● Exercise goal:
Return an exact copy of the lines from the one holding "Convento dell'abbazia in" to the end of the data, including both the starting and final lines. Leave the pictures out.

● Provided material:
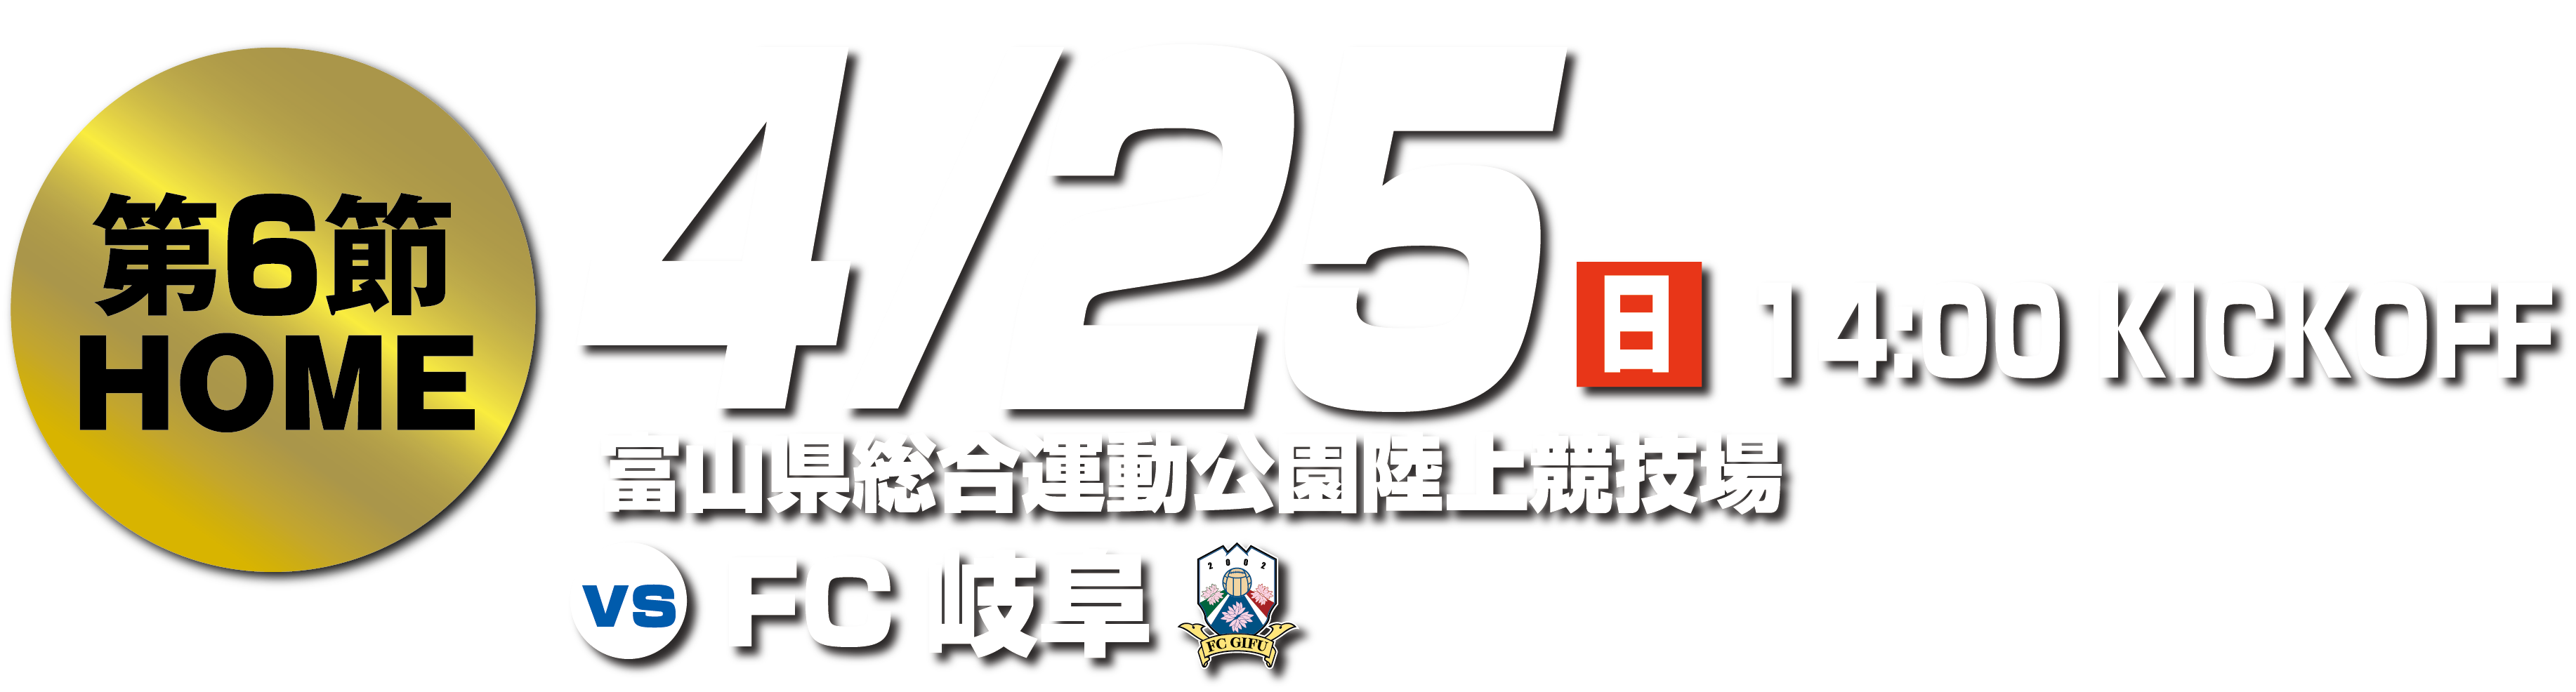 4 25岐阜戦 ホームゲーム情報 カターレ富山公式ウェブサイト
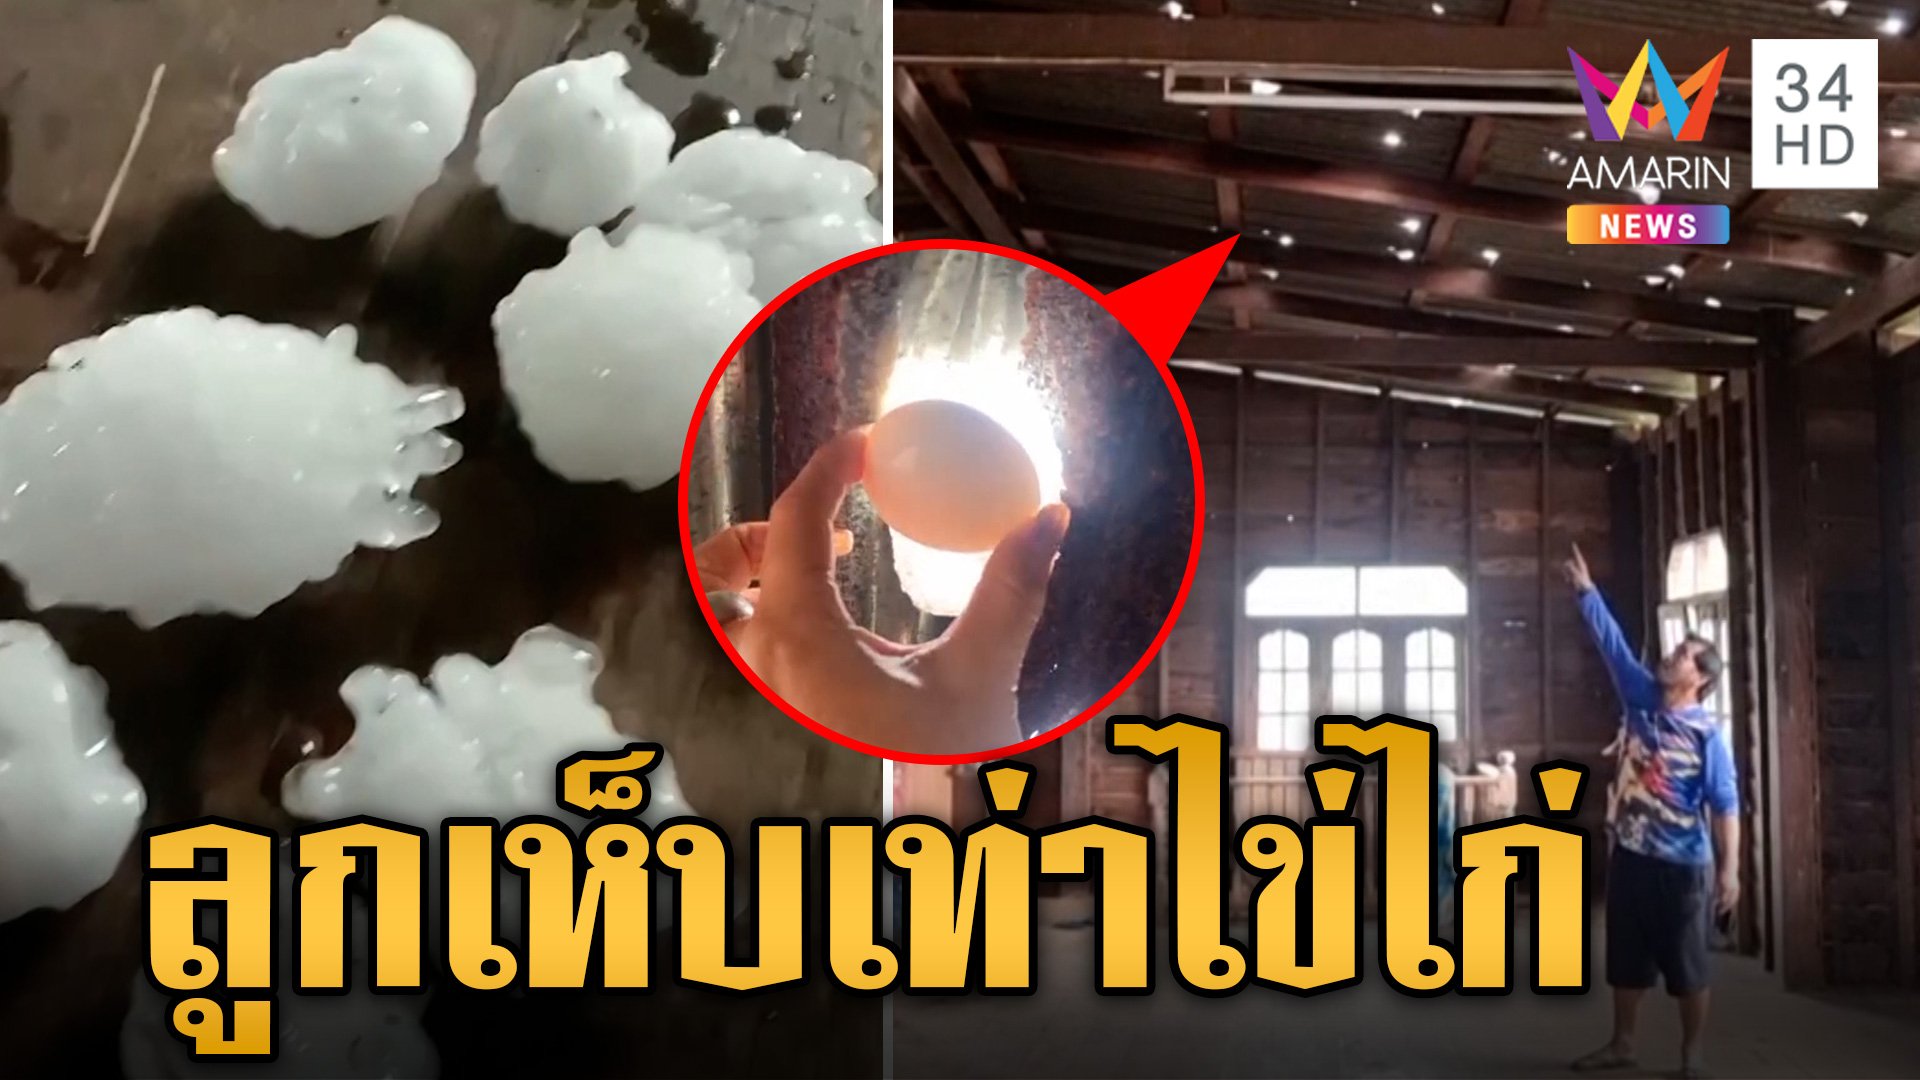 พายุฤดูร้อนถล่มไทย ตะลึง! ลูกเห็บเท่าไข่ไก่ตกใส่หลังคาบ้านจนทะลุ | ข่าวเย็นอมรินทร์ | 29 มี.ค. 67 | AMARIN TVHD34
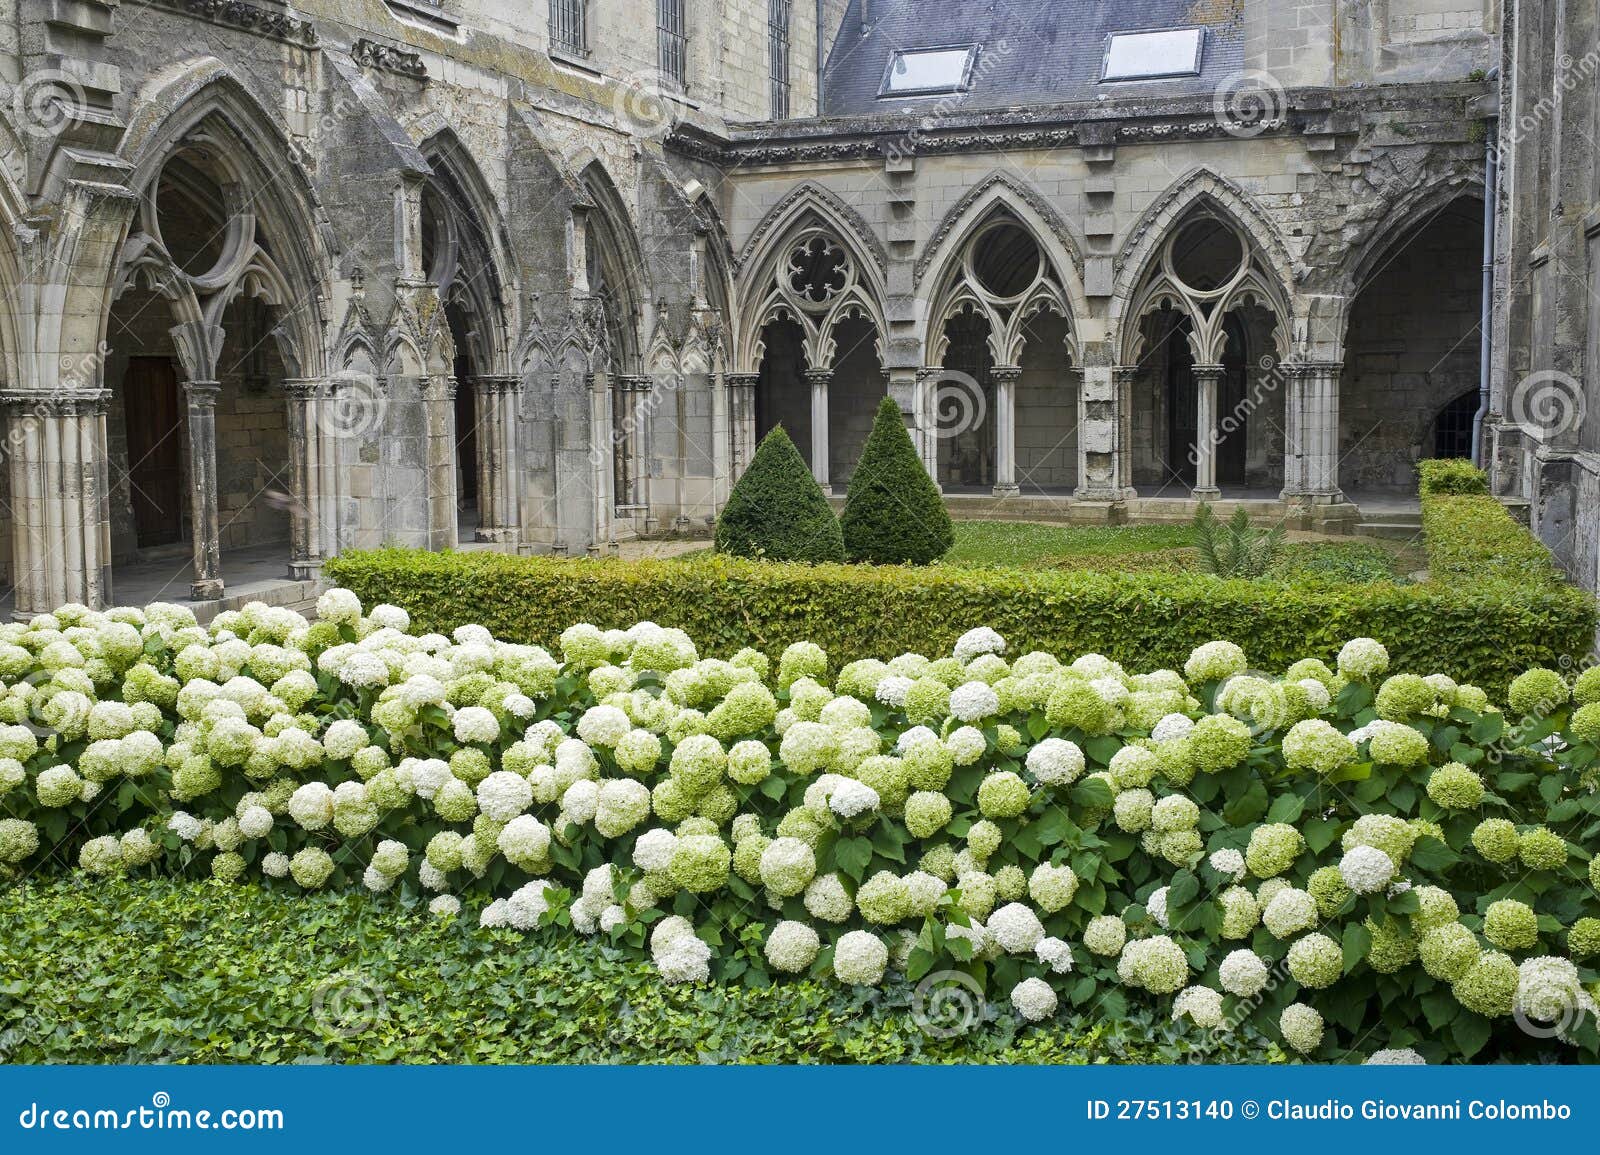 Convento dell'abbazia in Soissons. Soissons (l'Aisne, Picardie, Francia) - convento dell'abbazia antica in stile gotico, piante e fiori (hydrangeas bianchi)
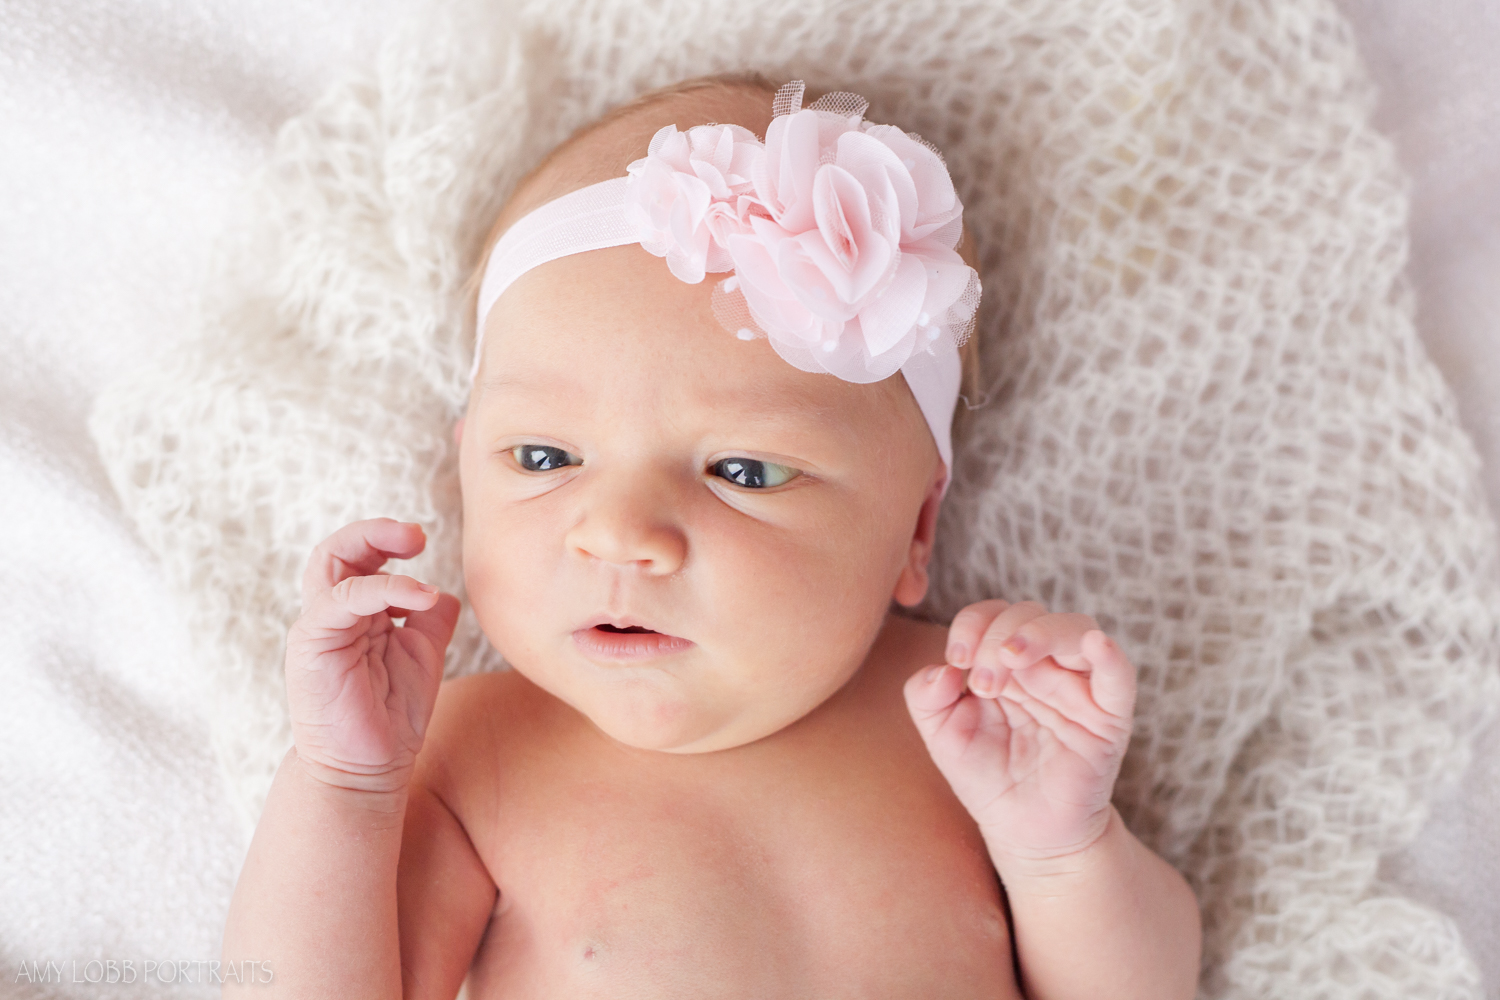 isabella-newborn-by-amy-lobb-10.jpg

● Response for this exercise:
 Convento dell'abbazia in Soissons. Soissons (l'Aisne, Picardie, Francia) - convento dell'abbazia antica in stile gotico, piante e fiori (hydrangeas bianchi)
 isabella-newborn-by-amy-lobb-10.jpg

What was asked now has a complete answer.